Often, when field trials and even laboratory experiments are too expensive, such as in the case of long-haul and submarine systems, numerical simulations play a key role in system design. Existing simulation tools provide a wide range of capabilities, including various advanced input signal modulation formats, realistic sources of noise, dispersion variations in fiber links, nonlinear, dispersive and polarization effects, facilitating detailed studies of signal propagation in realistic transmission systems. Many important output characteristics, such as eye-diagram calculations, BER and Q-factor evaluations, are readily available and can be directly compared to experimental data. Importantly, many individual physical effects and system components can be modified or turned on and off independently in numerical experiments, thus enabling the designer to develop an insight into the impact of various effects on overall system performance, a feature usually unattainable in real experiments.
This section includes a number of freely available (FOCSS developed at TRLabs, LIGHTSIM by Softronix Software, SIMFOCS developed by Dr. Geckeler) and commercial (ModeSYS by RSoft, OptiSYSTEM by Optiwave, OptSim by RSoft, PHOTOSS distributed by P. I. Systemtechnik Jens Lenge, VPItransmissionMaker™ WDM by VPIsystems) packages for transmission system modeling. These packages include extended libraries of photonic components for transmitter, communication channel (fiber/waveguide), amplifier, and receiver design, and extensive output parameter capabilities.

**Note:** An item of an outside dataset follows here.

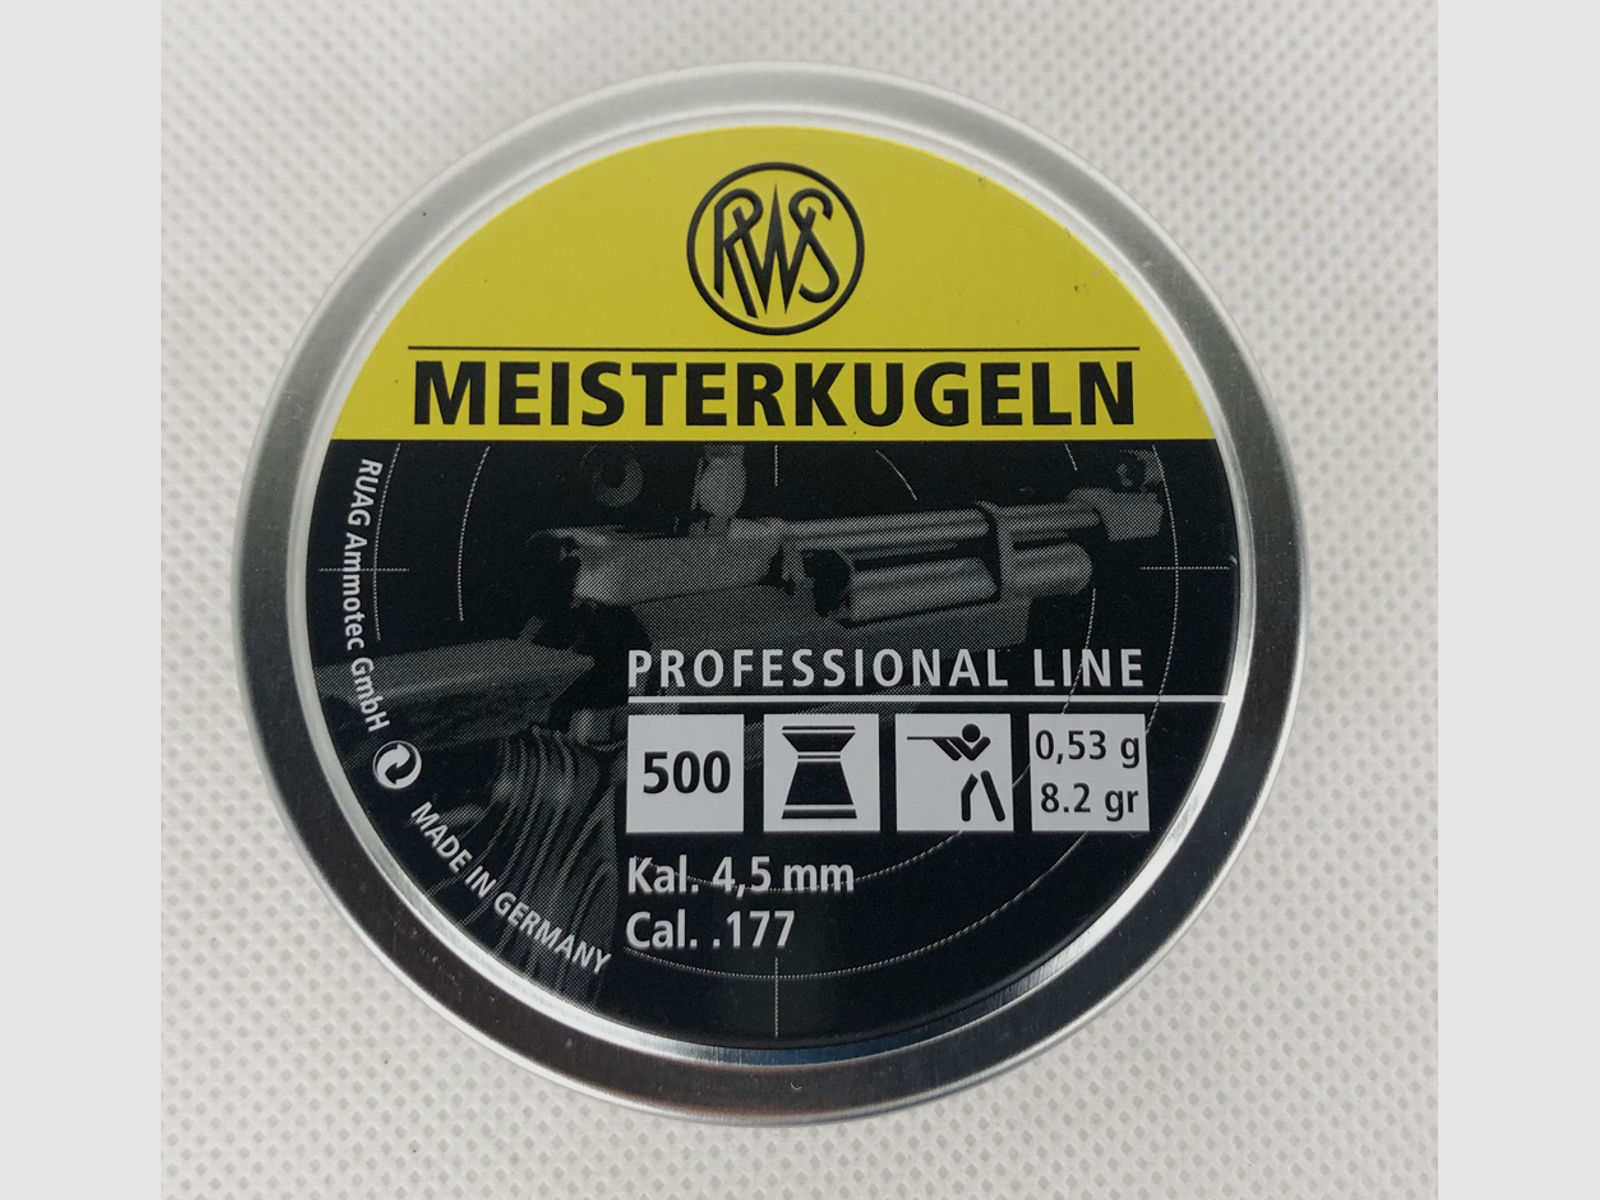 RWS Professional Line Diabolos Meisterkugeln 0,53g

In addition to general system simulation software, some software providers (OptiSYSTEM Amplifier Edition by Optiwave, VPIcomponentMakerTM Optical Amplifiers by VPIsystems) offer specialized tools for modeling various types of optical amplifiers, including Erbium Doped Fiber Amplifiers (EDFAs), Semiconductor Amplifiers (SOAs), Raman Amplifiers, and doped fibers. These tools facilitate amplifier design and performance optimization by including a variety of important metrics and detailed models for physical effects, specific to a particular type of amplifier, such as noise figure calculations, gain flattening, spectral hole burning, concentration quenching, and excited-state absorption in EDFAs, or nonlinear effects in doped fibers. Optiwave also offers an OptiSYSTEM Multimode Edition that facilitates the design, analysis and simulation of multimode fiber communication systems primarily used for short-distance communications, such as Local Area Networks (LANs).

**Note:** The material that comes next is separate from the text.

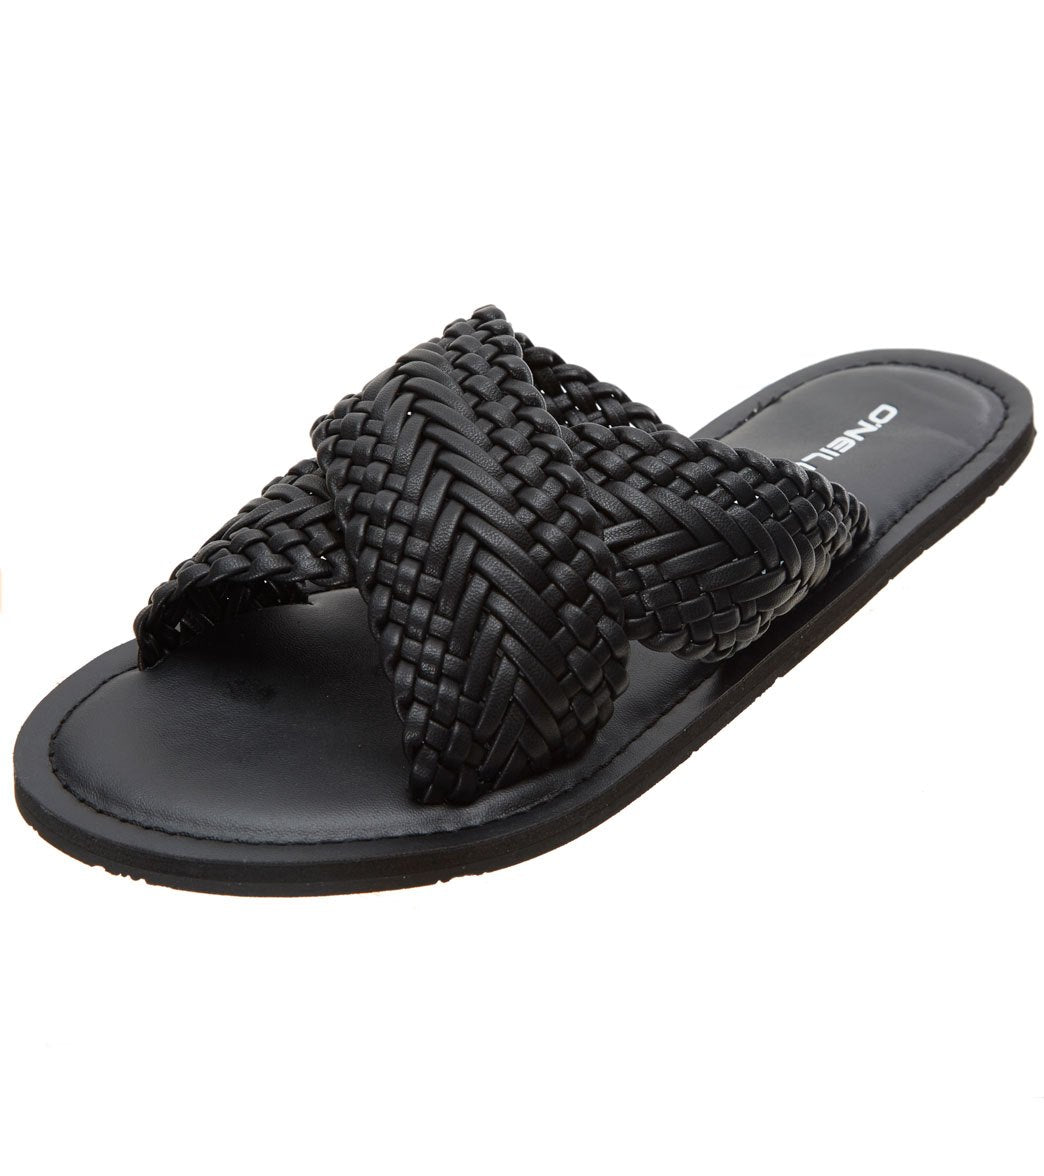 O'neill Women's Palm Springs Slides Sandals - Black 6 - Swimoutlet.com

Another specialized modeling tool that compliments the VPIsystems general system simulator is active photonics software (VPIcomponentMakerTM Active Photonics), allowing the investigation and design of active photonic circuits and advanced semiconductor lasers, including integrated tunable lasers, high-power lasers, fast switches, optical logic, modulators, 2R and 3R regenerators, among others. Finally, VPIsystems also provide a tool for designing the so-called "last mile" (VPItransmissionMakerTMCable Access).
LIGHTSIM (previously PC-SimFO) is an easy to use simulator for modeling optical fiber communication systems using a PC.
Wide range of photonic device models available as icons
Models operate over a wide and continuous spectral bandwidth
Model parameters can be modified easily
Fast and stable algorithms
A complete user friendly hierarchical topology layout environment
Block-oriented waveform simulation
Instrumentation to measure, signal and noise ratio, optical and RF spectra, eye diagrams, bit error rates and optical meters
Simulation includes crosstalk, dispersion, nonlinearities, variations in component parameters
Signal waveforms, eye diagrams, and spectral plots may be viewed at any point in link
Bit error rate (BER) curves may be plotted vs. received optical power or any parameter or user variable in the link
LIGHTSIM library has almost all critical photonics components, including a variety of passive and active optical and electrical component models, semiconductor lasers like multimode Fabry-Pérot lasers and monomode DFB lasers, visualizers to monitor the signal state in the simulation (e.g. eye-diagrams, power meters, etc.)
ModeSYS is a software supporting the design, analysis, and simulation of multimode optical communication systems.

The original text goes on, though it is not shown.